= What you should do =
Would you transcribe the entries below, beginning at the line with "Вокруг света 1985-02, страница 58" and ending after the line with "König Funda para", exactly, with no picture and nothing more?

= Input material =
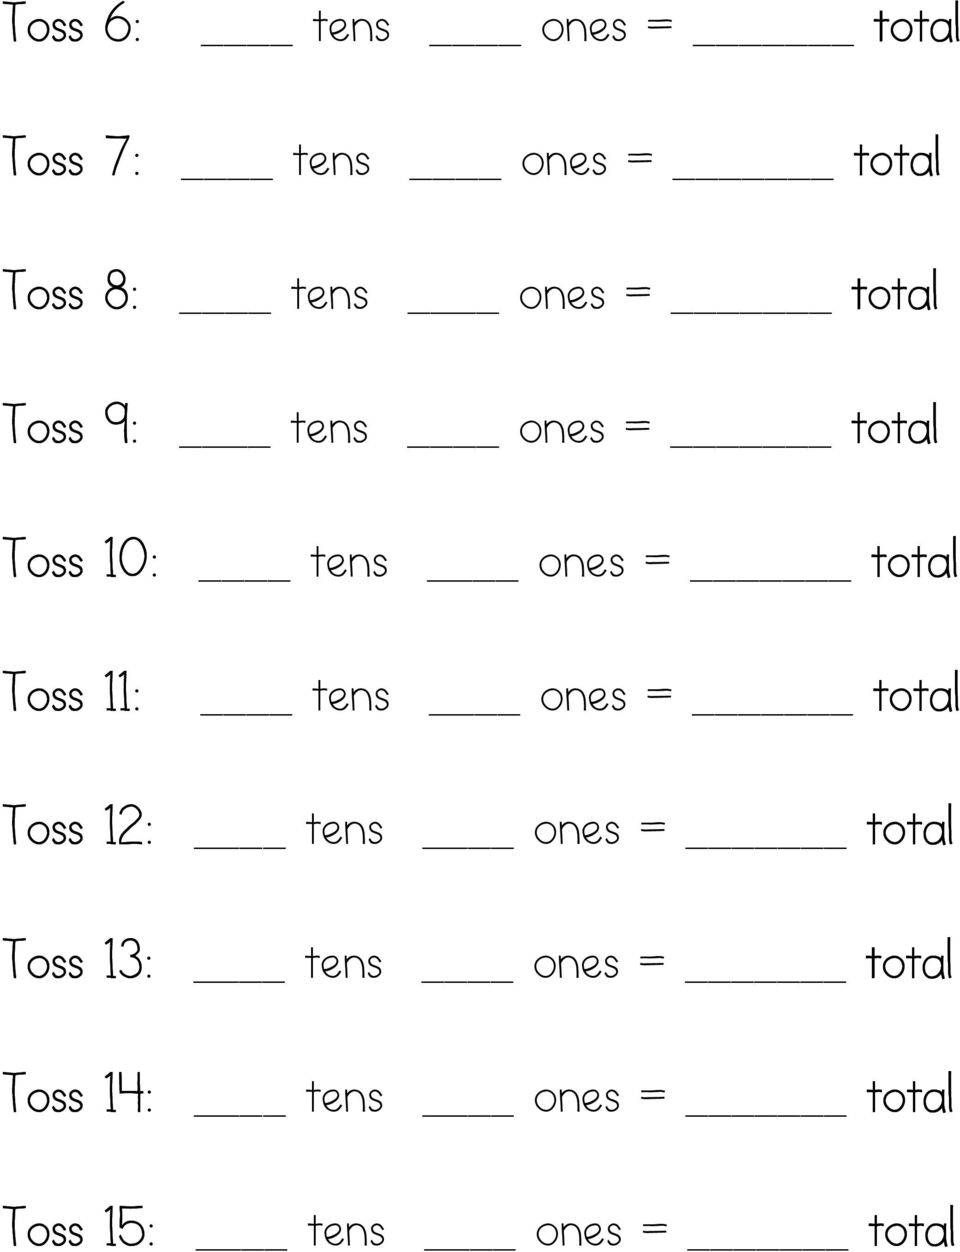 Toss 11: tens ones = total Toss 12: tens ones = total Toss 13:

...

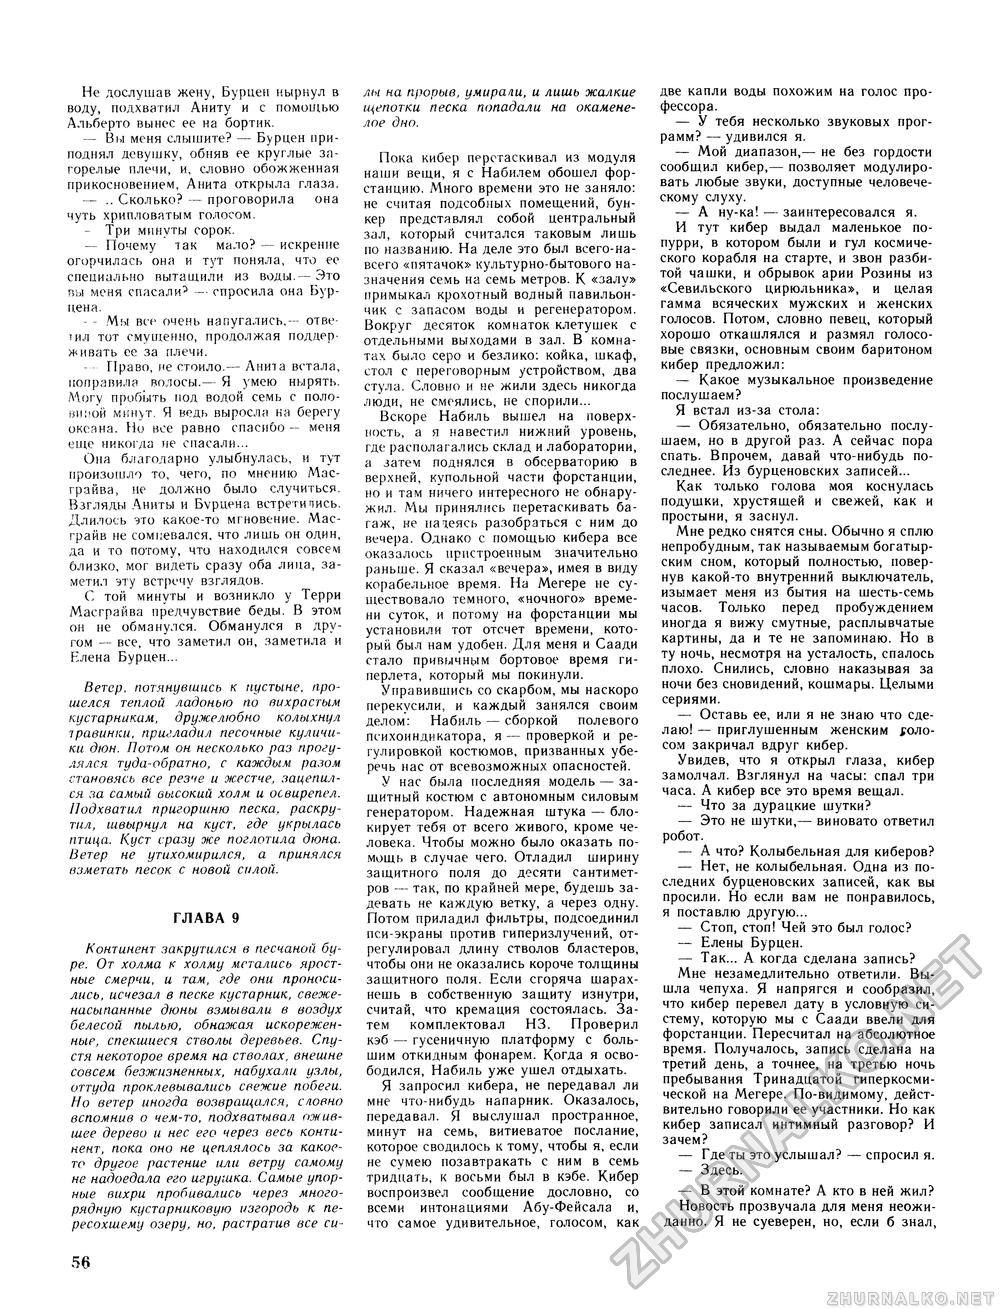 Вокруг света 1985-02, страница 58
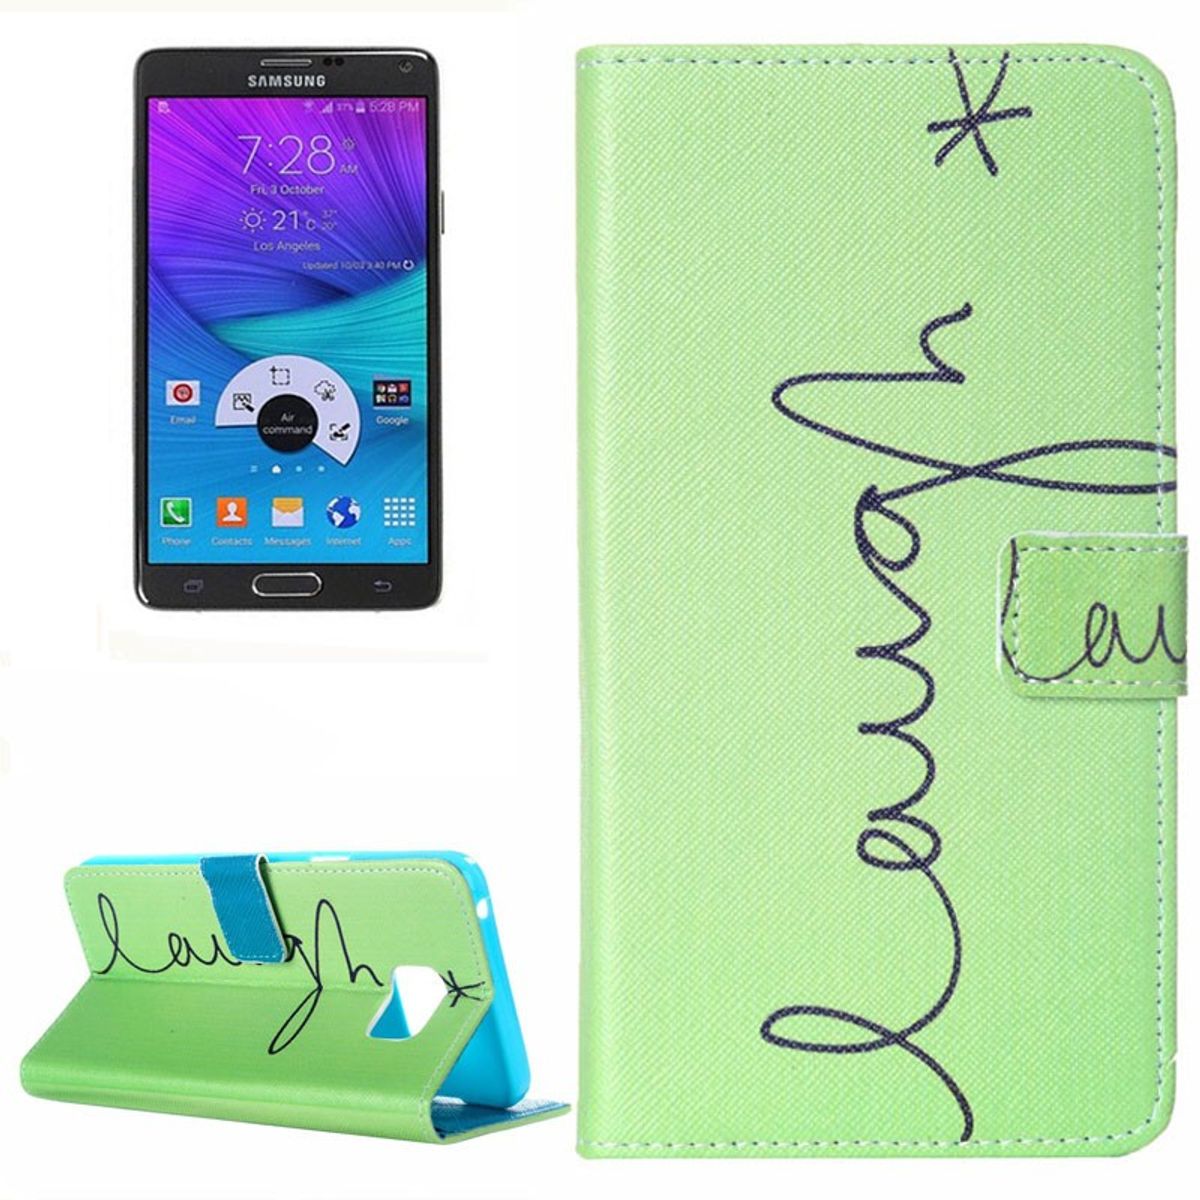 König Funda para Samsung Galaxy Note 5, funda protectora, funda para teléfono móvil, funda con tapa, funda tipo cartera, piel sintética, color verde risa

--

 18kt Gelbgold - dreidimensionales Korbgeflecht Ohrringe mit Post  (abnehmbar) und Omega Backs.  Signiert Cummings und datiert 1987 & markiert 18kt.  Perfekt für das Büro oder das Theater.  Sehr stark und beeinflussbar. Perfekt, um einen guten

= Solution below =
 Вокруг света 1985-02, страница 58
 König Funda para Samsung Galaxy Note 5, funda protectora, funda para teléfono móvil, funda con tapa, funda tipo cartera, piel sintética, color verde risa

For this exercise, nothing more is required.